How To Deal With All Those Conflicting Investment Opinions

With so many financial news outlets offering so many often conflicting headlines and opinions, how is an investor to know what to do? That’s a question that Validea CEO John Reese looks at in his latest column for Canada’s Globe and Mail.

“In an arena as complex as the stock market, there are always two sides to an issue – and sometimes many more – and you can almost always find data to support any of those sides,” Reese writes. “So, as convincing as they may be, a particular headline and article can lead you into big trouble if you let them guide your investment decisions. That doesn’t mean you should ignore the financial news. Information is still power. But how you use the overabundance of information that exists today is key.”

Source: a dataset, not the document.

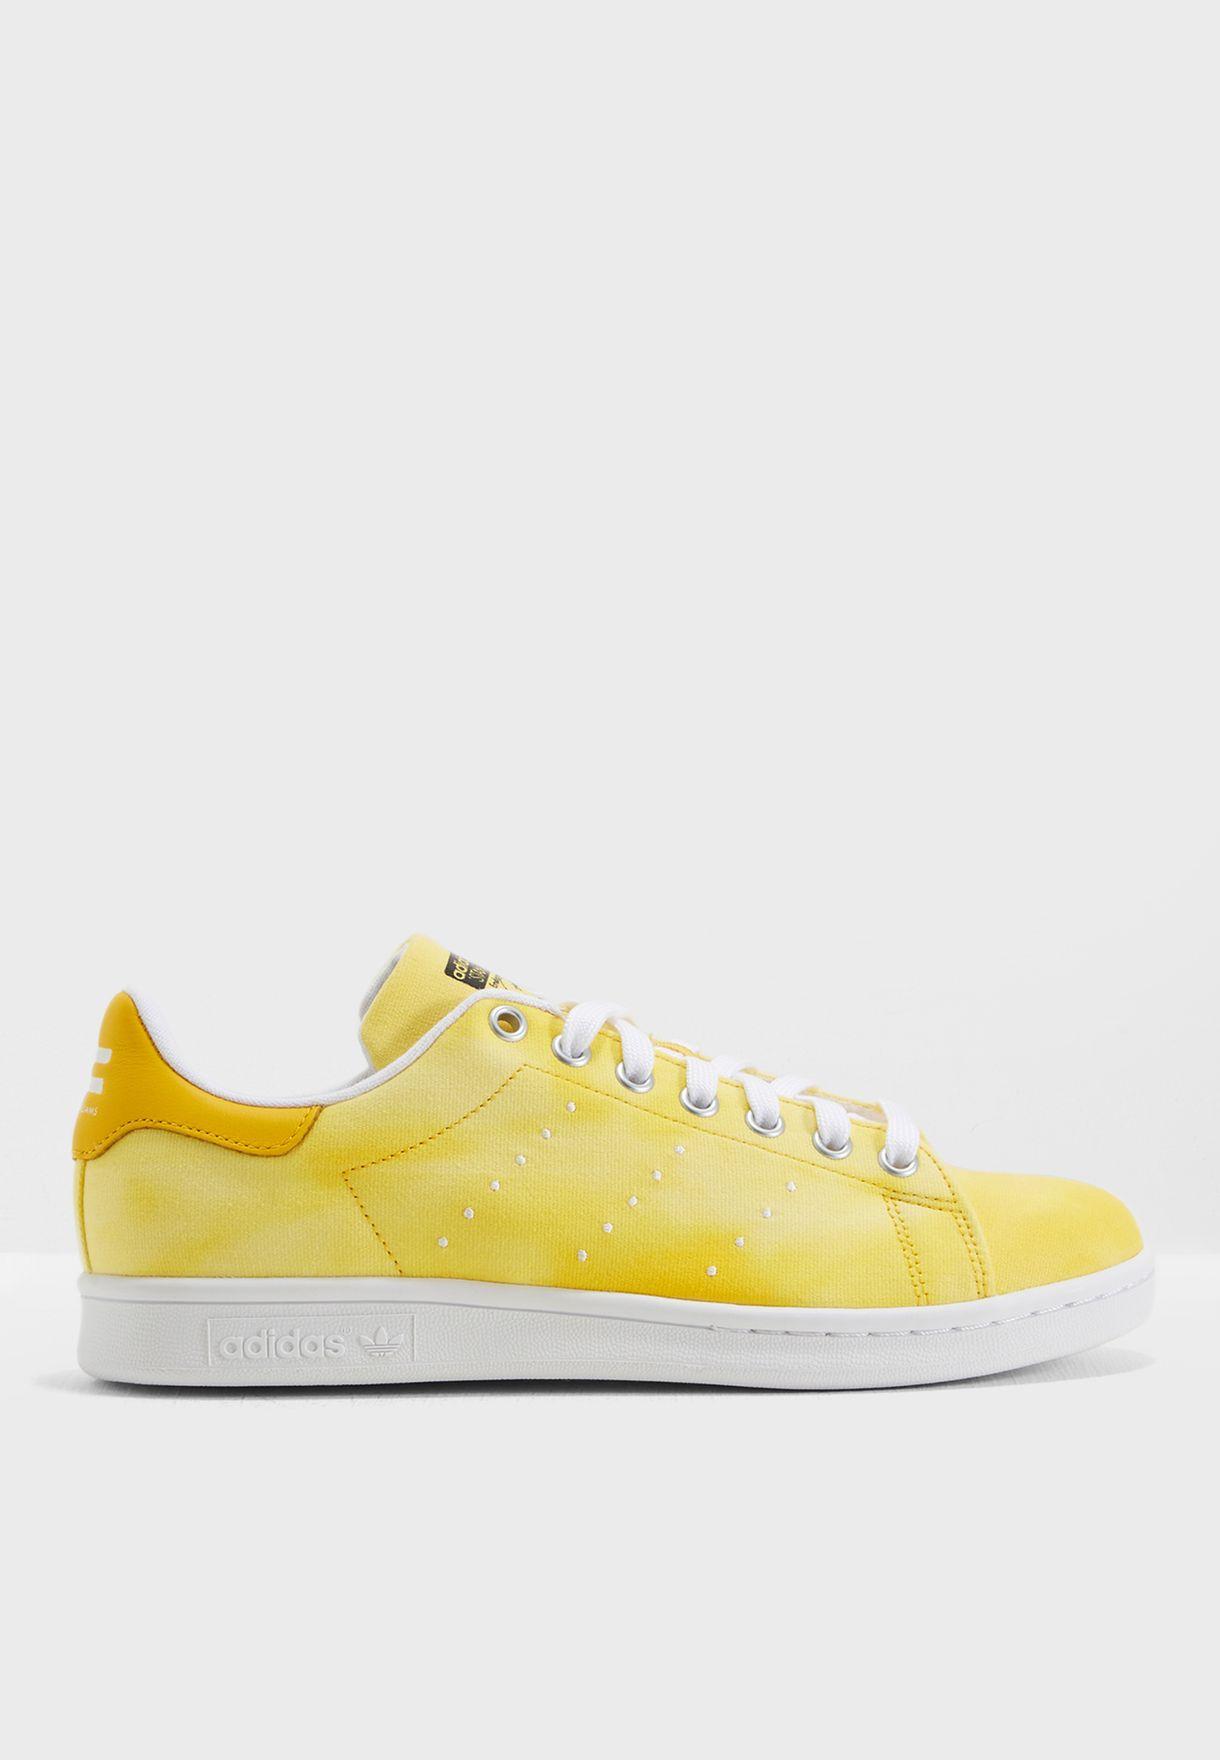 9951e7f42 Shop adidas Originals yellow Pharrell Williams Hu Holi Stan Smith ...

Reese offers a few tips for how investors can find their way through the thick forest of conflicting opinions. He cites the research of Dr. Philip Tetlock, who has performed extensive research on the issue of forecasters and forecasting. “Dr. Tetlock, a psychologist and management professor, did find that some types of forecasters are better than others,” Reese says. “Using terms that philosopher Isaiah Berlin used to describe two broad types of thinkers, Dr. Tetlock said that “foxes” did better than “hedgehogs.” “The better forecasters were like [Berlin’s] foxes: self-critical, eclectic thinkers who were willing to update their beliefs when faced with contrary evidence, were doubtful of grand schemes and were rather modest about their predictive ability,” Dr. Tetlock told Money magazine. The less successful forecasters were like hedgehogs, which “ ‘know one big thing,’ toil devotedly within one tradition, and reach for formulaic solutions to ill-defined problems.”

To think like a fox, Reese says investors should gather much information as they can before making a decision, particularly information representing opposing viewpoints. “When you have an opinion, ask yourself, ‘How might I be wrong?'” he says.